## Exercise instructions
An exact copy of the data is required. No picture may appear in it.

## Supplied material
######

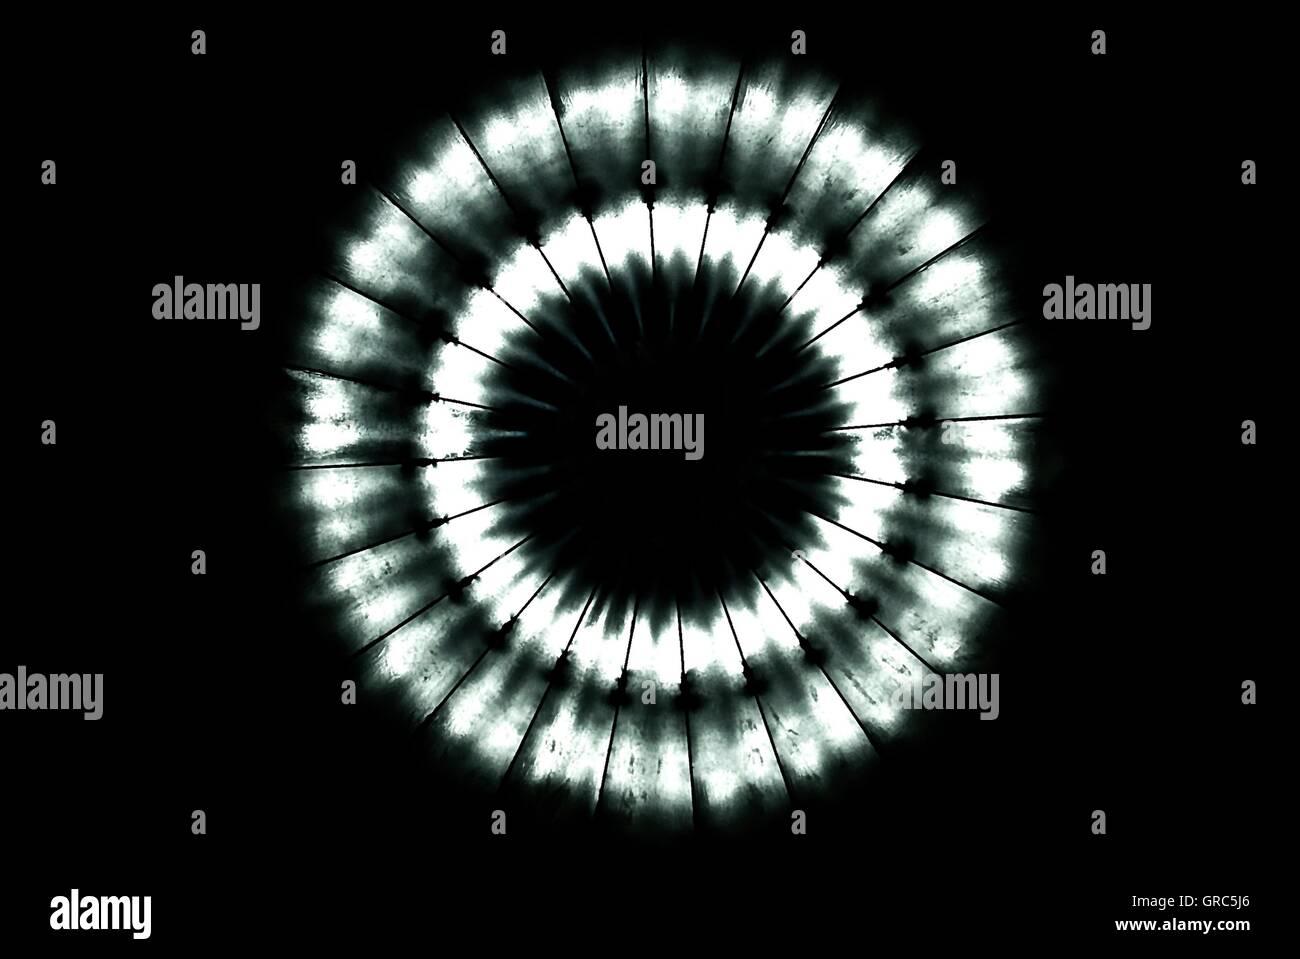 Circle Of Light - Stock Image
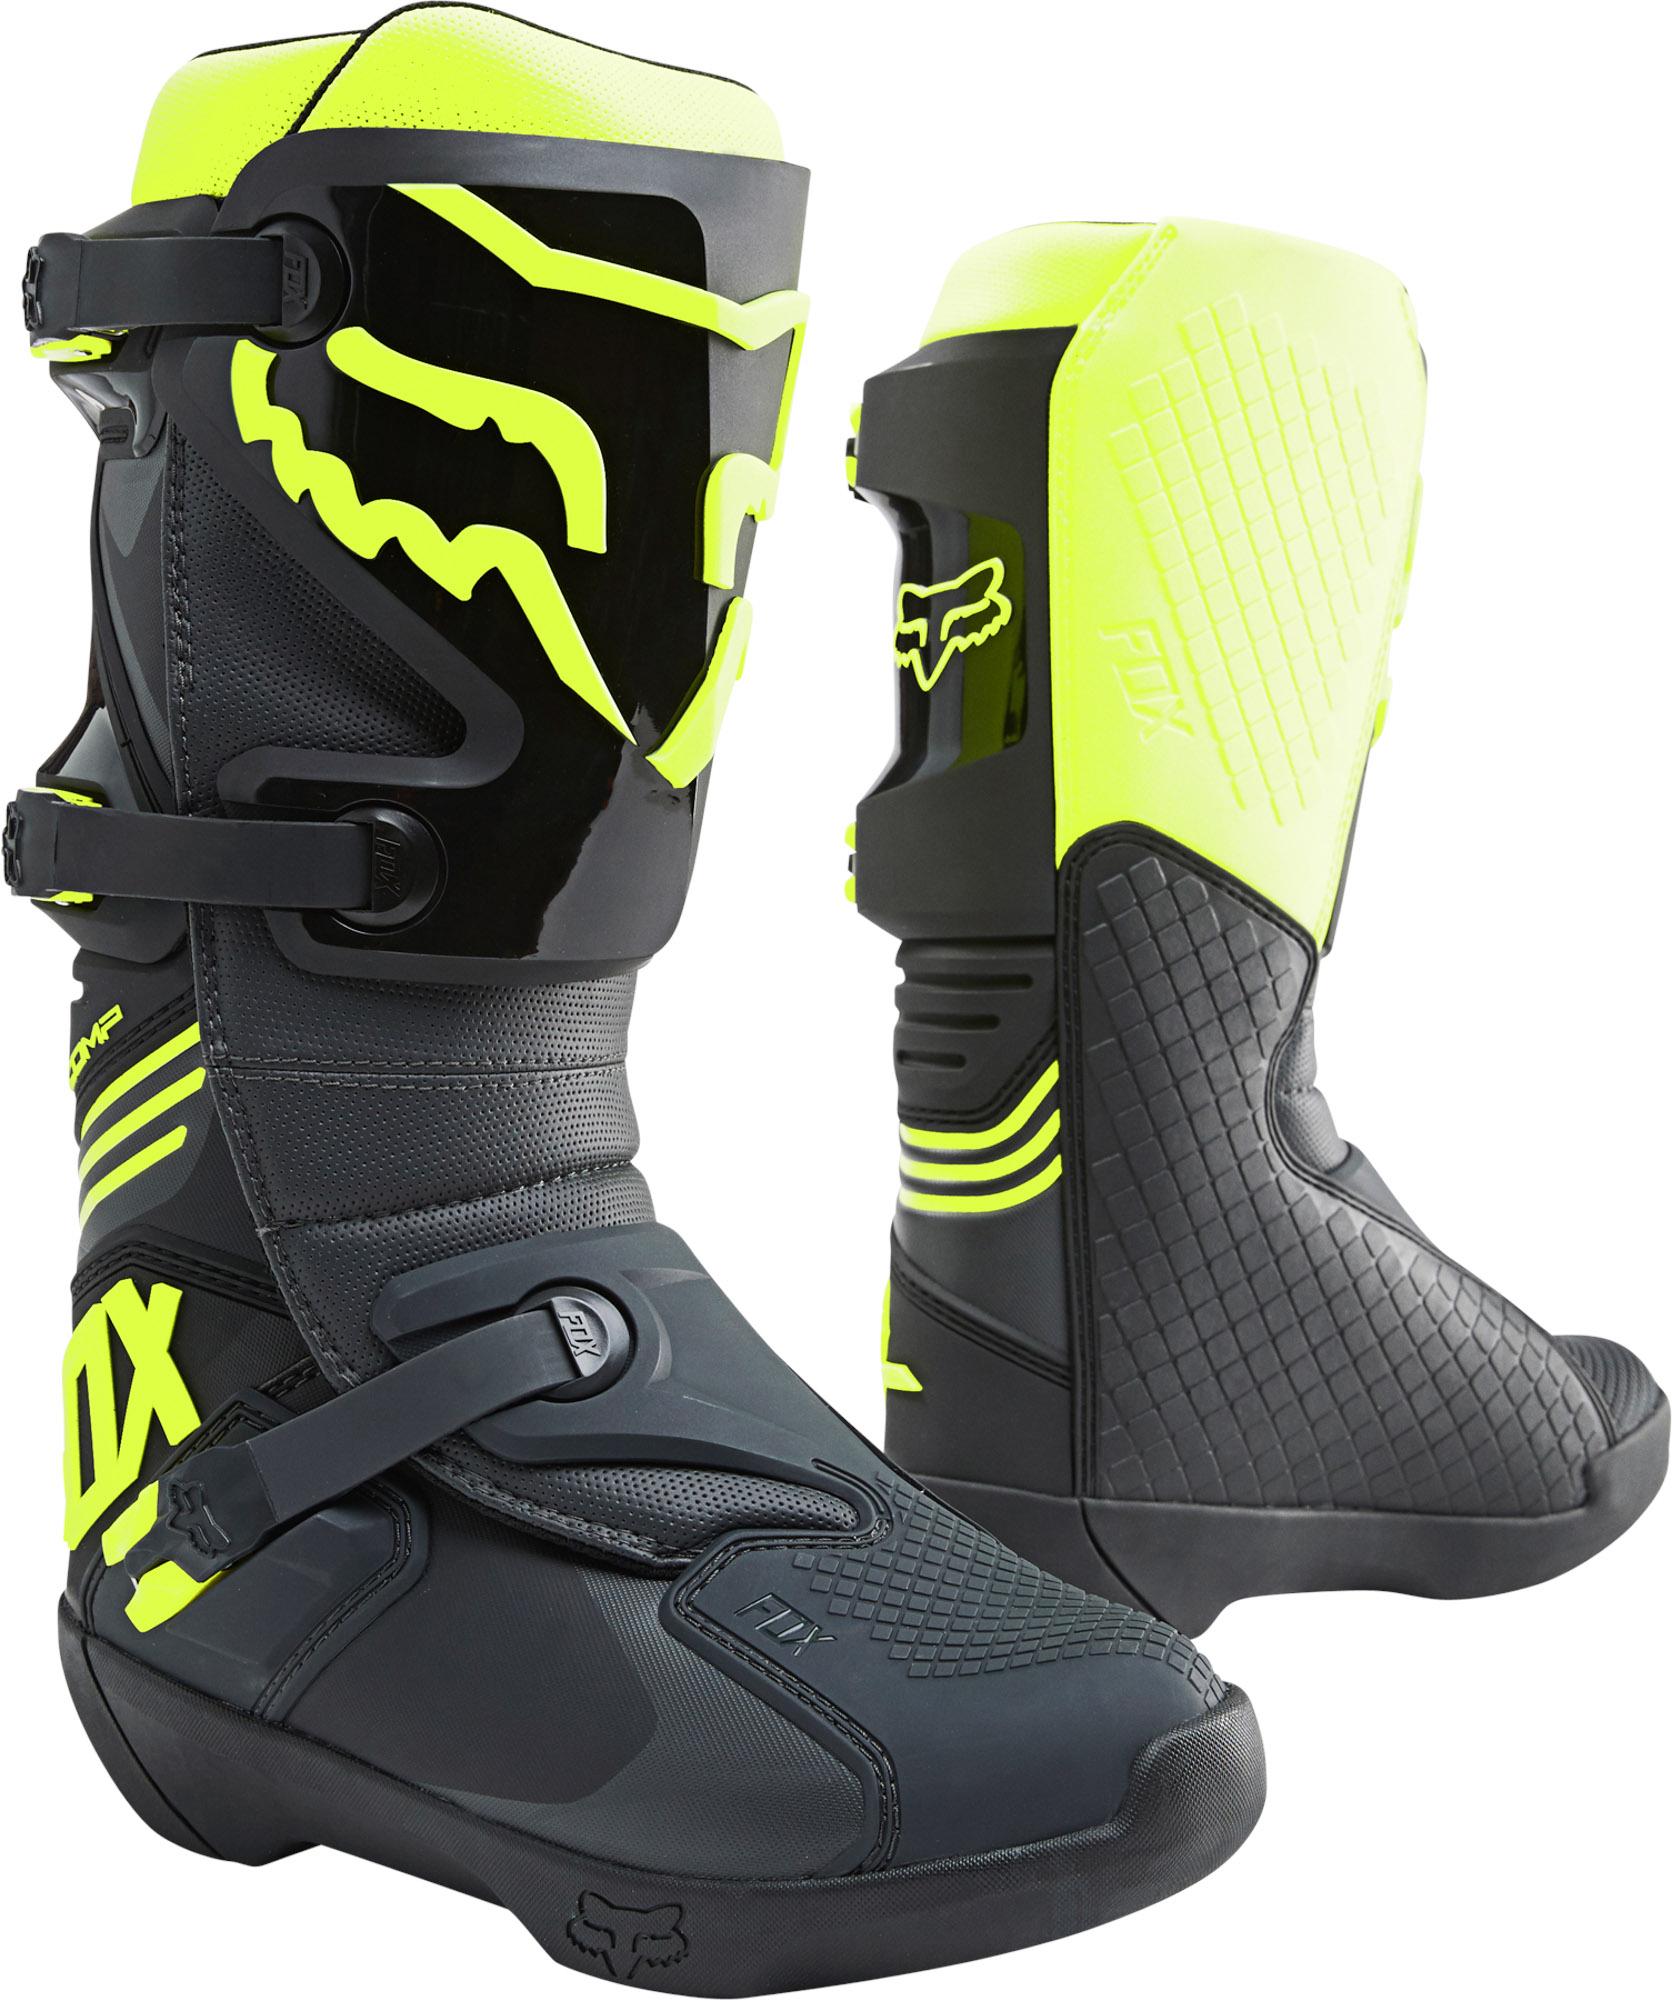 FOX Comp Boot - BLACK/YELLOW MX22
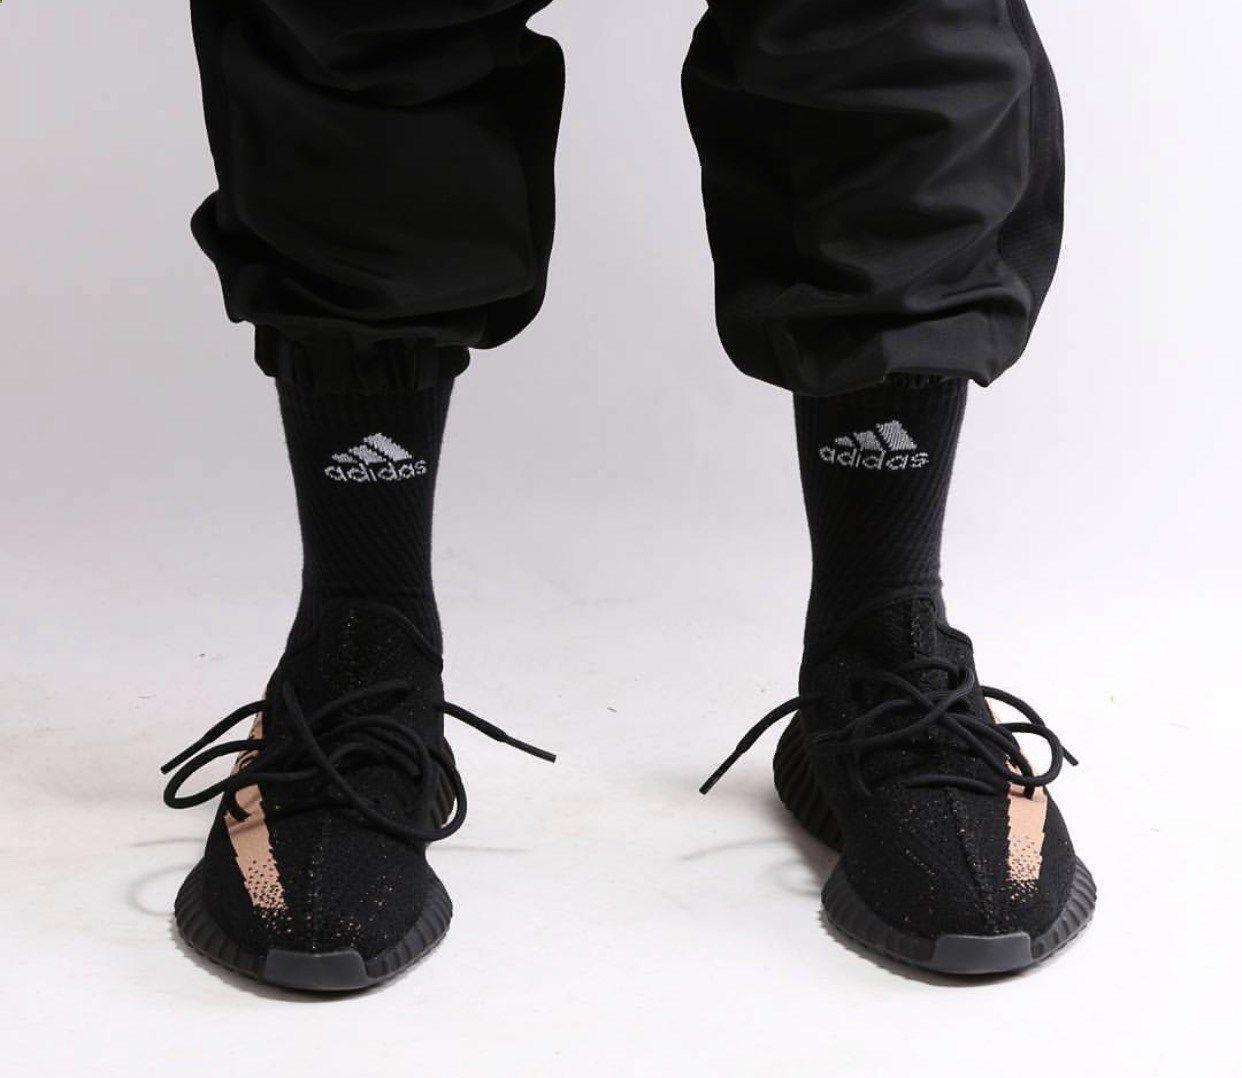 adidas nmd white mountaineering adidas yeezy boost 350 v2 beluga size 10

######

## Solution
 Circle Of Light - Stock Image
 FOX Comp Boot - BLACK/YELLOW MX22
 adidas nmd white mountaineering adidas yeezy boost 350 v2 beluga size 10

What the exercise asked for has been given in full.